# YOUR ASSIGNMENT:
Your output should be the lines below from the one holding "Paula Mendoza Pierce" through the one holding "Ebebek Wee Baby", transcribed exactly, with no pictures.

# MATERIALS PROVIDED:
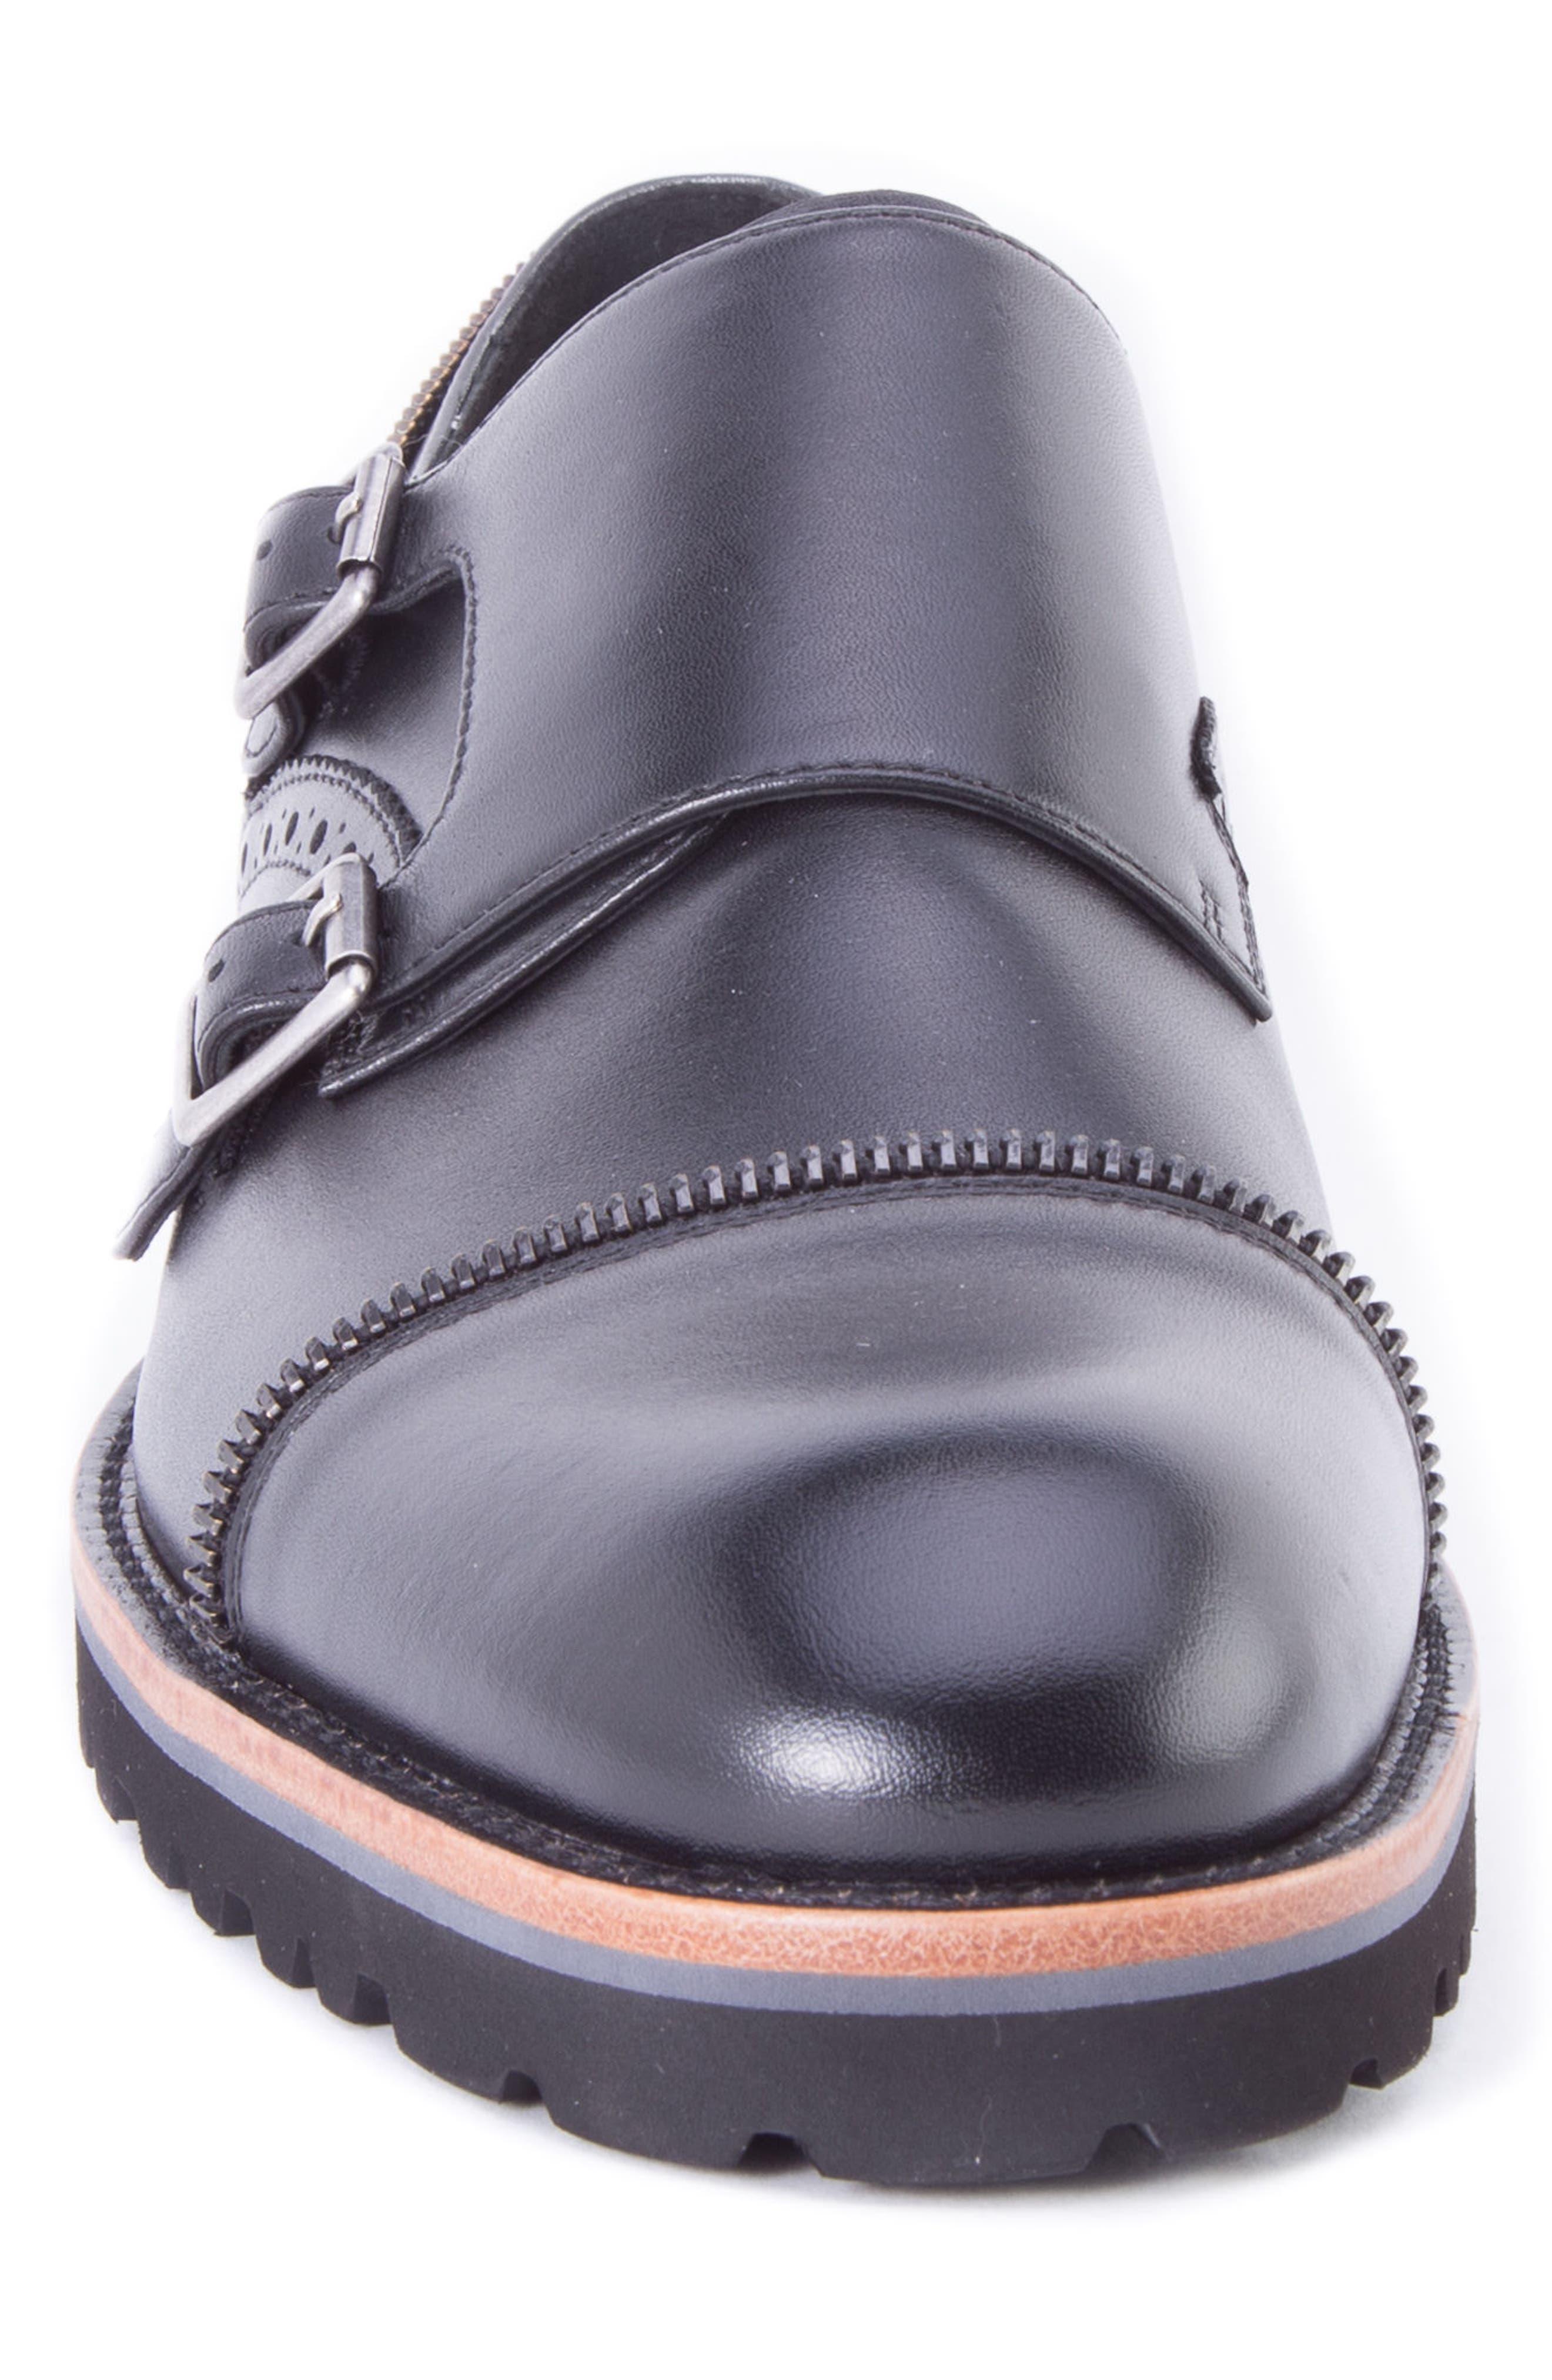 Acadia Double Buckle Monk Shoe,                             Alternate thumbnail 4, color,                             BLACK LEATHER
...
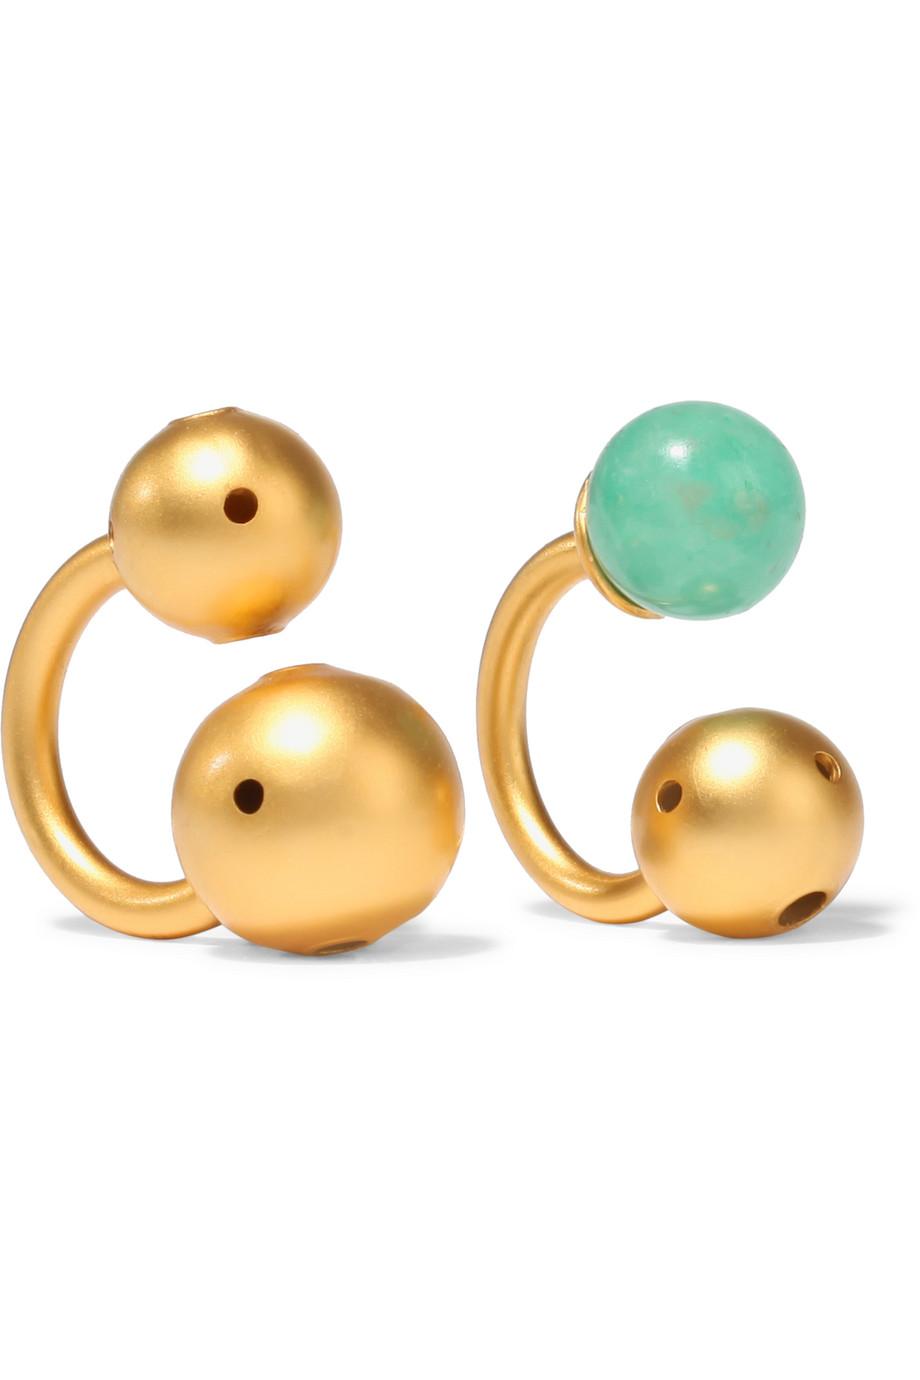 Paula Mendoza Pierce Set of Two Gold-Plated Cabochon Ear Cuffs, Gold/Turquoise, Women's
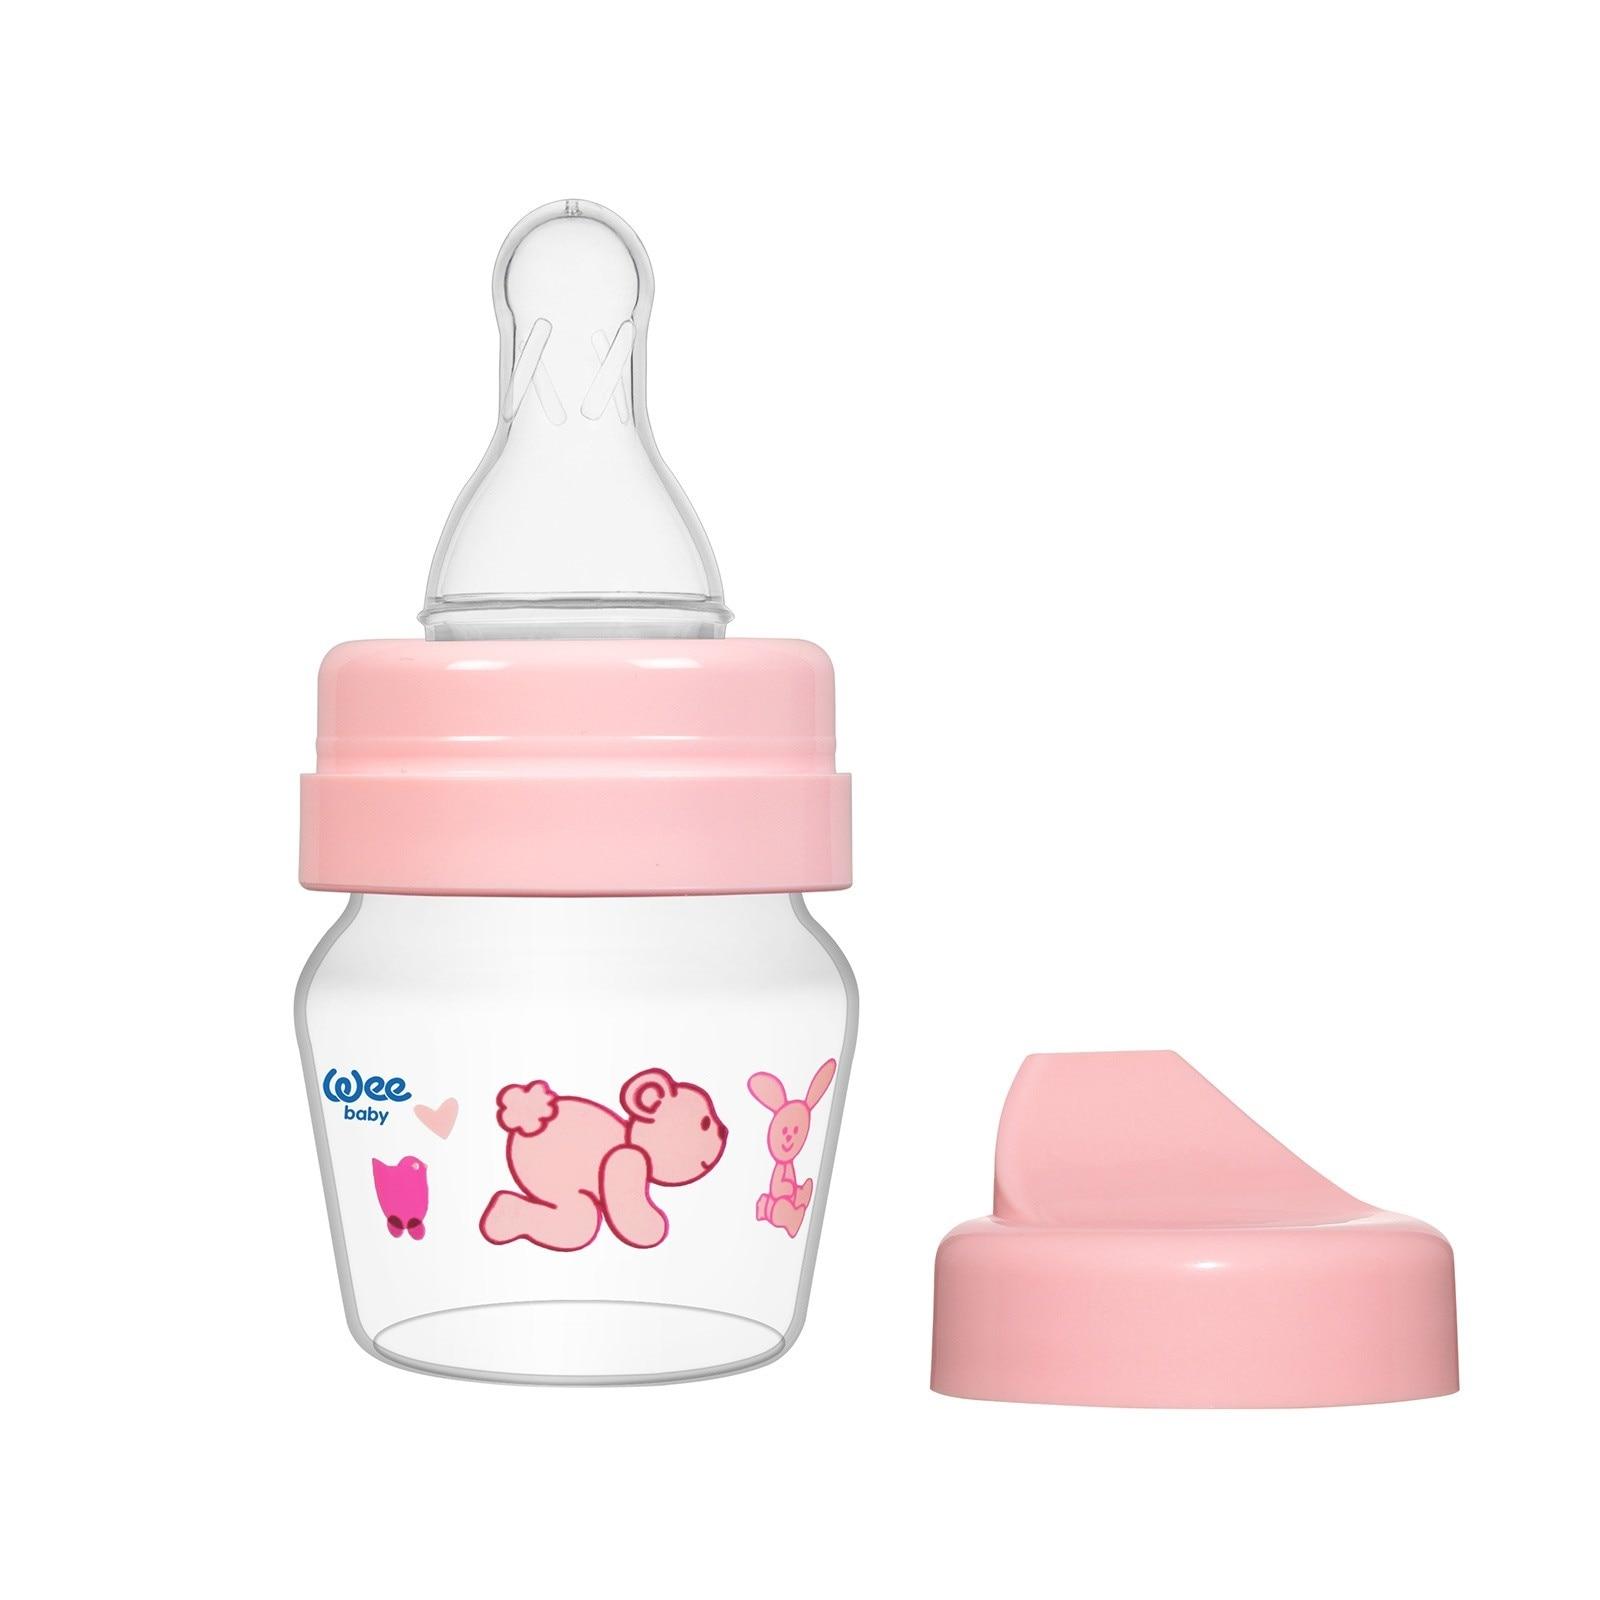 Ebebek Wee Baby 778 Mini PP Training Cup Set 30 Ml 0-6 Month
==
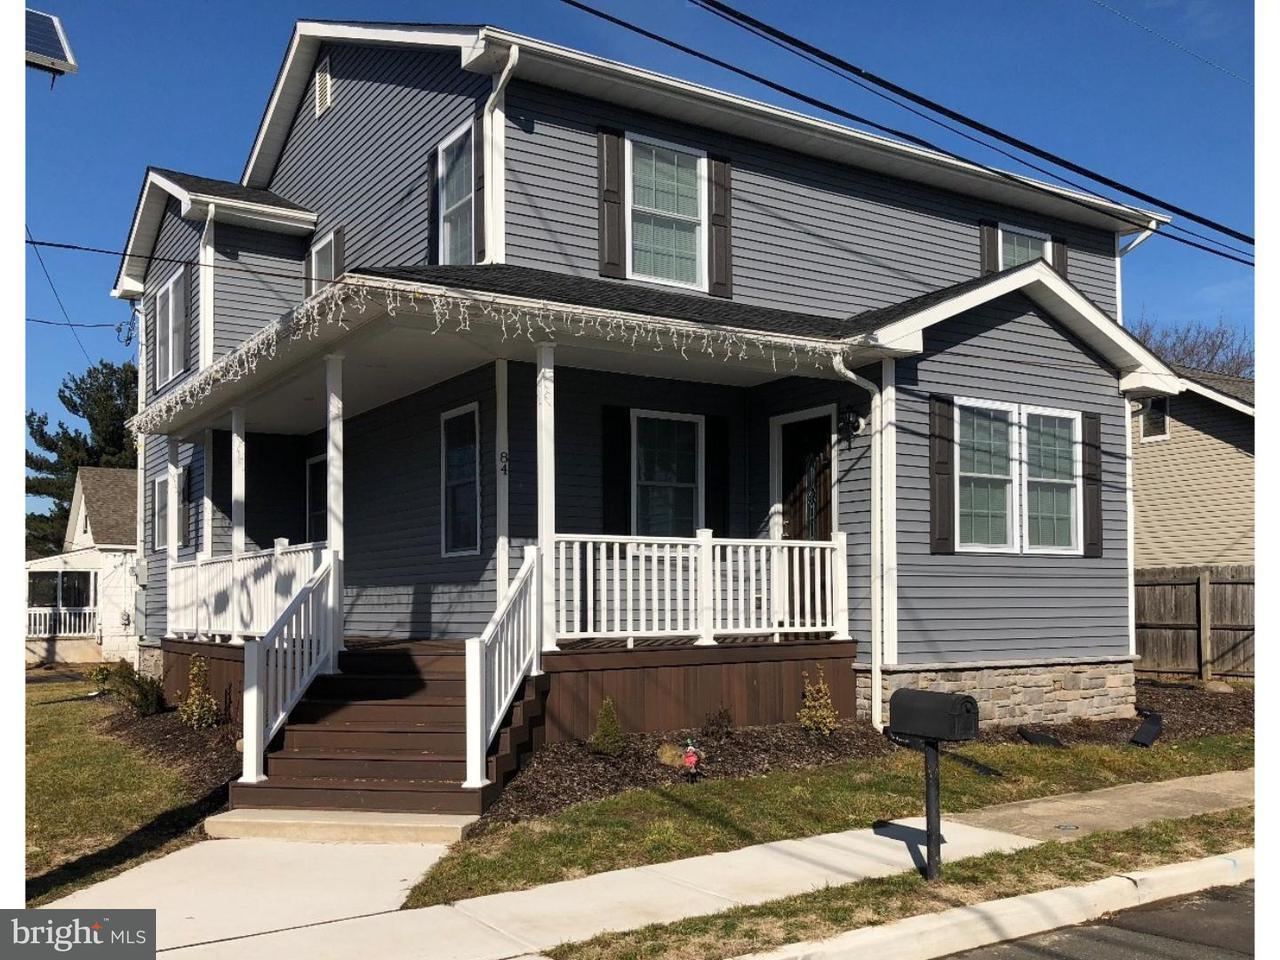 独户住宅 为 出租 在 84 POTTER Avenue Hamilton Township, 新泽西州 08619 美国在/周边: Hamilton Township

# RESPONSE AREA:
 Paula Mendoza Pierce Set of Two Gold-Plated Cabochon Ear Cuffs, Gold/Turquoise, Women's
 Ebebek Wee Baby 778 Mini PP Training Cup Set 30 Ml 0-6 Month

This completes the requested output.